If they could attract names big and small to a parking lot in Fairfield, Gerics and his partners — Emilio Savone, Jim Panels and Scott Lindner — are even surer about their odds in Stamford, he said.

“Fairfield has been fun,” he said. “We have a lot of fun there, but it’s limited. It’s got a downtown but it’s kind of a suburb. It’ll be nice to be in the heart of something with real action. That’s what we want.”

The future location provides the best of both worlds. For one, comedians in southern Connecticut will get a local place for shows down county instead of driving to the Stress Factory in Bridgeport. And the new spot is also closer to New York City, which means talent from “the biggest comedy hotspot in the world” could be more eager to cross the border for performances, he said.

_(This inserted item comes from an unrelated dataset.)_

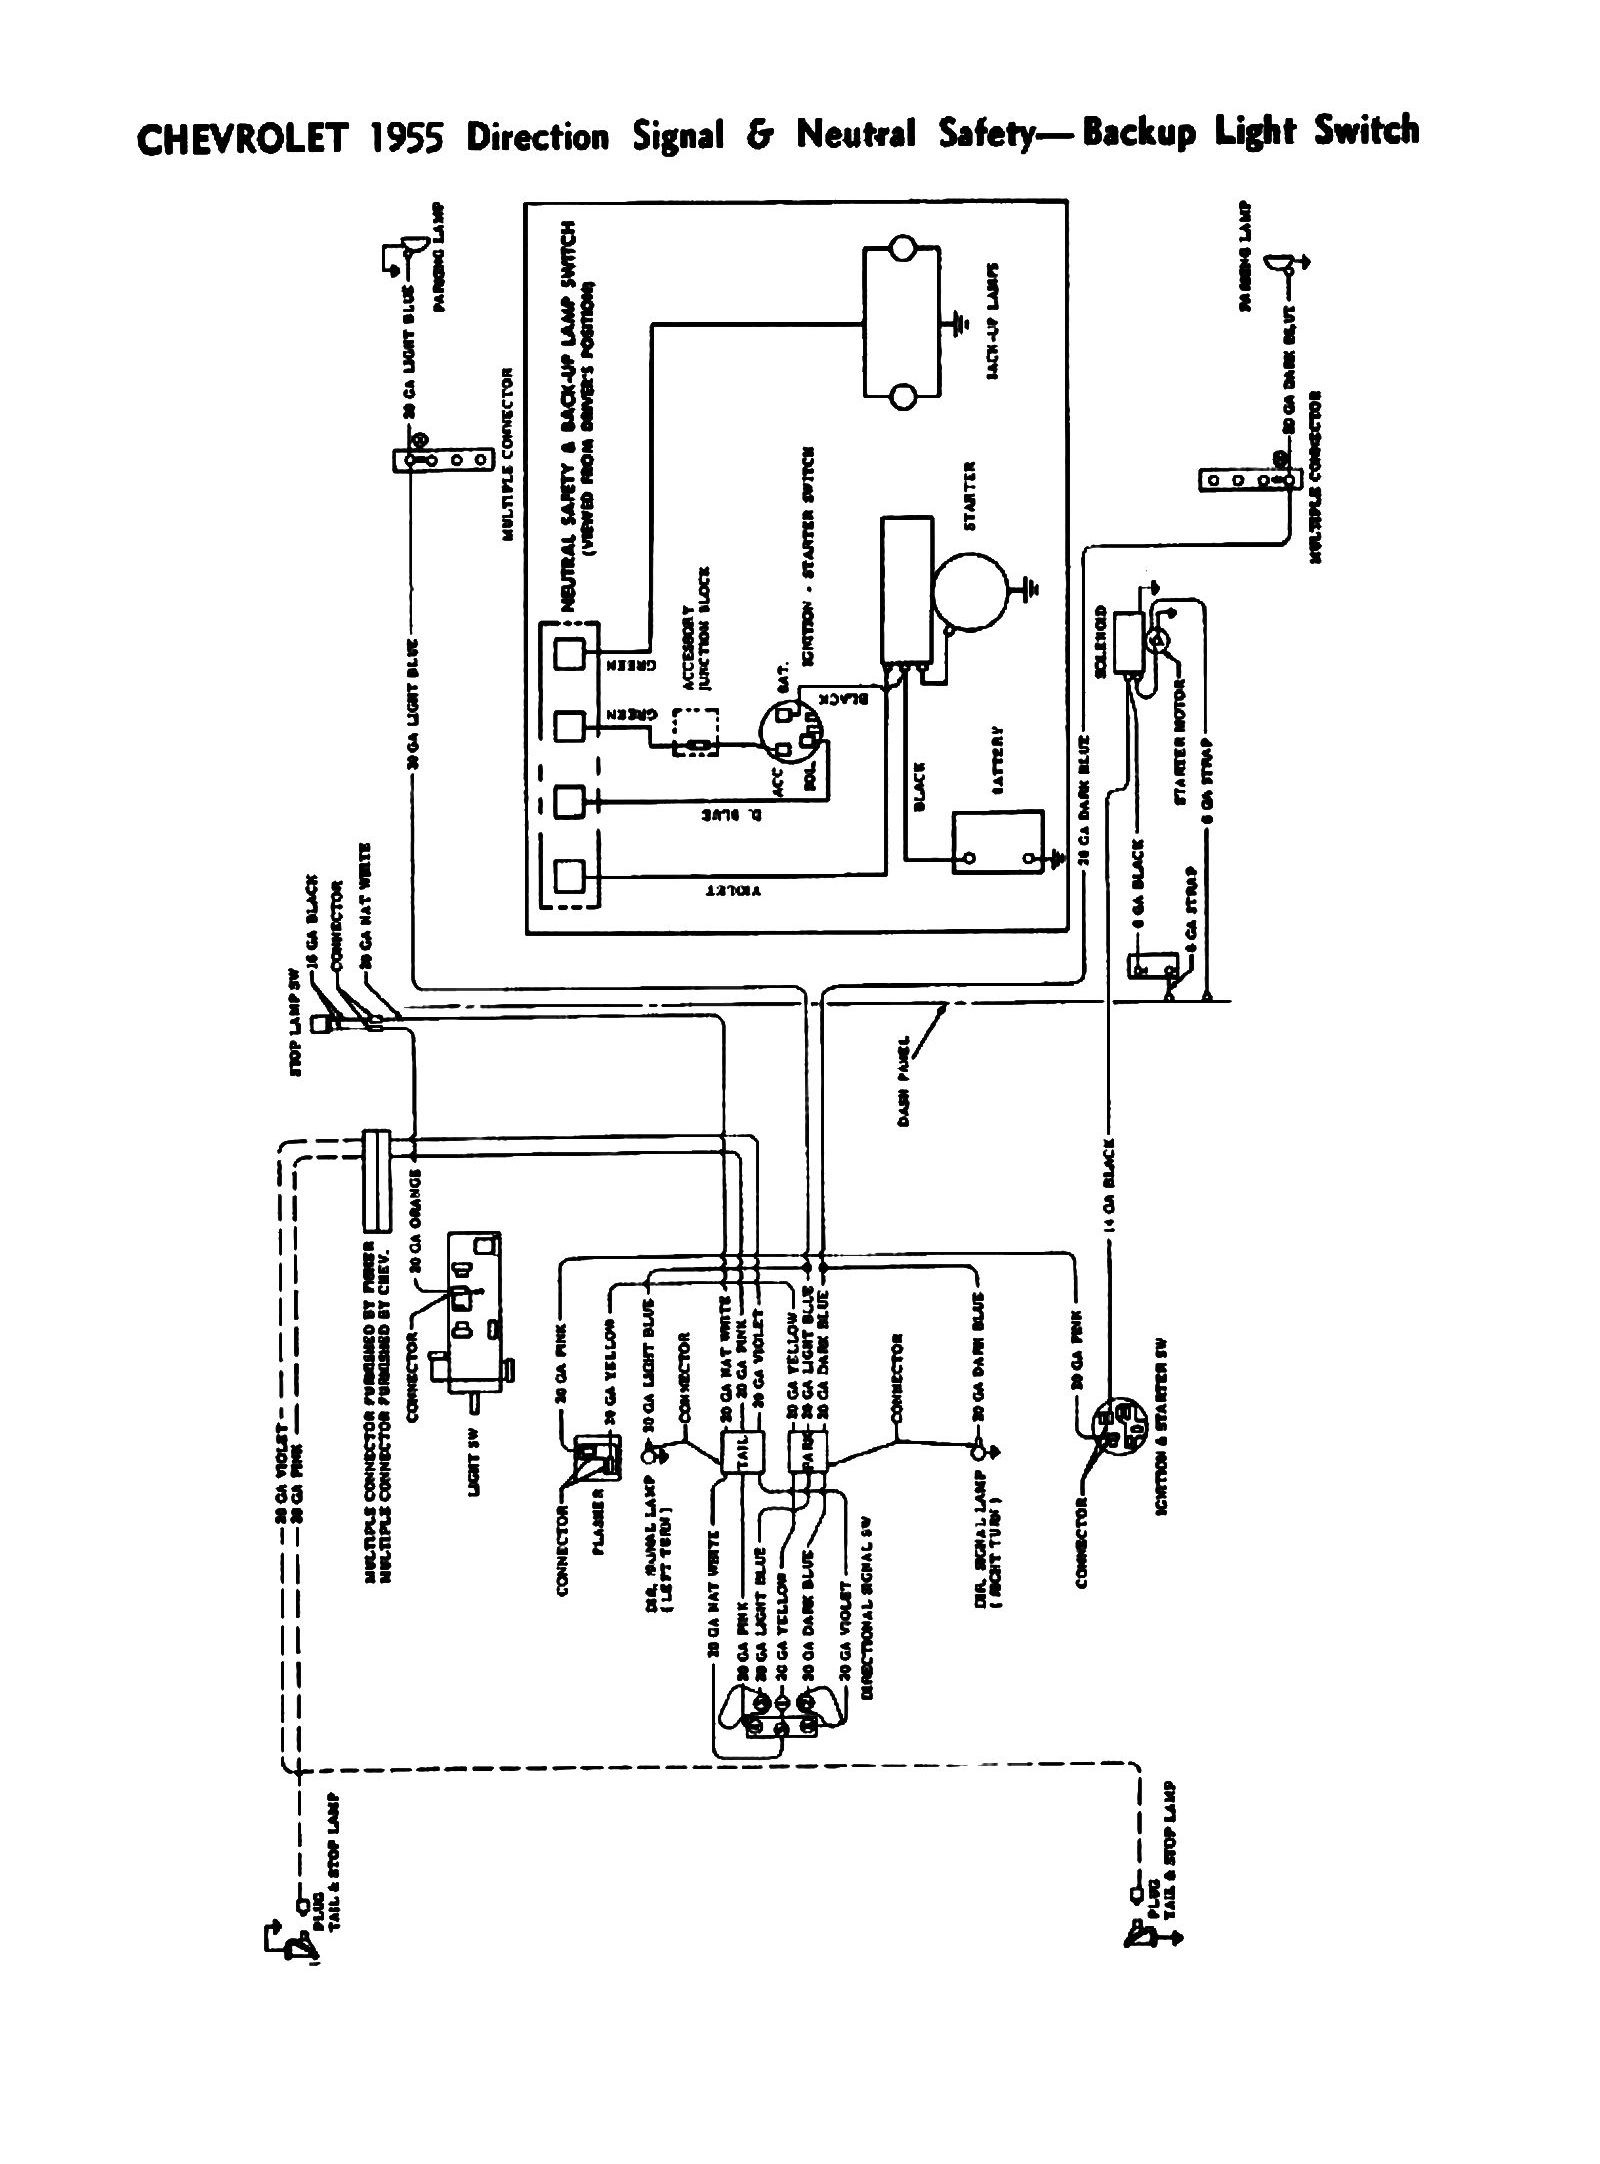 truck heater wiring diagram introduction to electrical wiring rh jillkamil com Dayton Unit Heater Wiring Diagram 3 Phase Heater Wiring Diagram

Attracting talent from the big city can only take a club so far. Equally as important, Gerics said, is developing an organic scene for Connecticut and providing more a stable platform for local acts than he could at the Fairfield Comedy Club.

The city has not housed a full-time comedy club in three decades, though part-time operations have filled the gap. For years, Club Comedy of Stamford ran out of Mexican restaurant Hacienda Don Emilio. The Treehouse Comedy Club too hosted long-running events throughout the city. Today, the Stamford Comedy Club hosts pop-up events.

Still, the last full-time club — the New Governor’s Comedy Shop — shuttered in 1991 after a series of financial troubles.

Before fans start crowding around the stage for late-night laughs, Gerics and company still have plenty of work to do. The space they will inhabit at the former YWCA is already set up as a restaurant. In the end, the owners want to make it more like a black box theater packed tight with tables.

Until that can happen and the Connecticut Comedy Club can open its doors, Gerics said he is pleased to be patient: Like every good joke, the payoff is best when you have to wait for the punchline.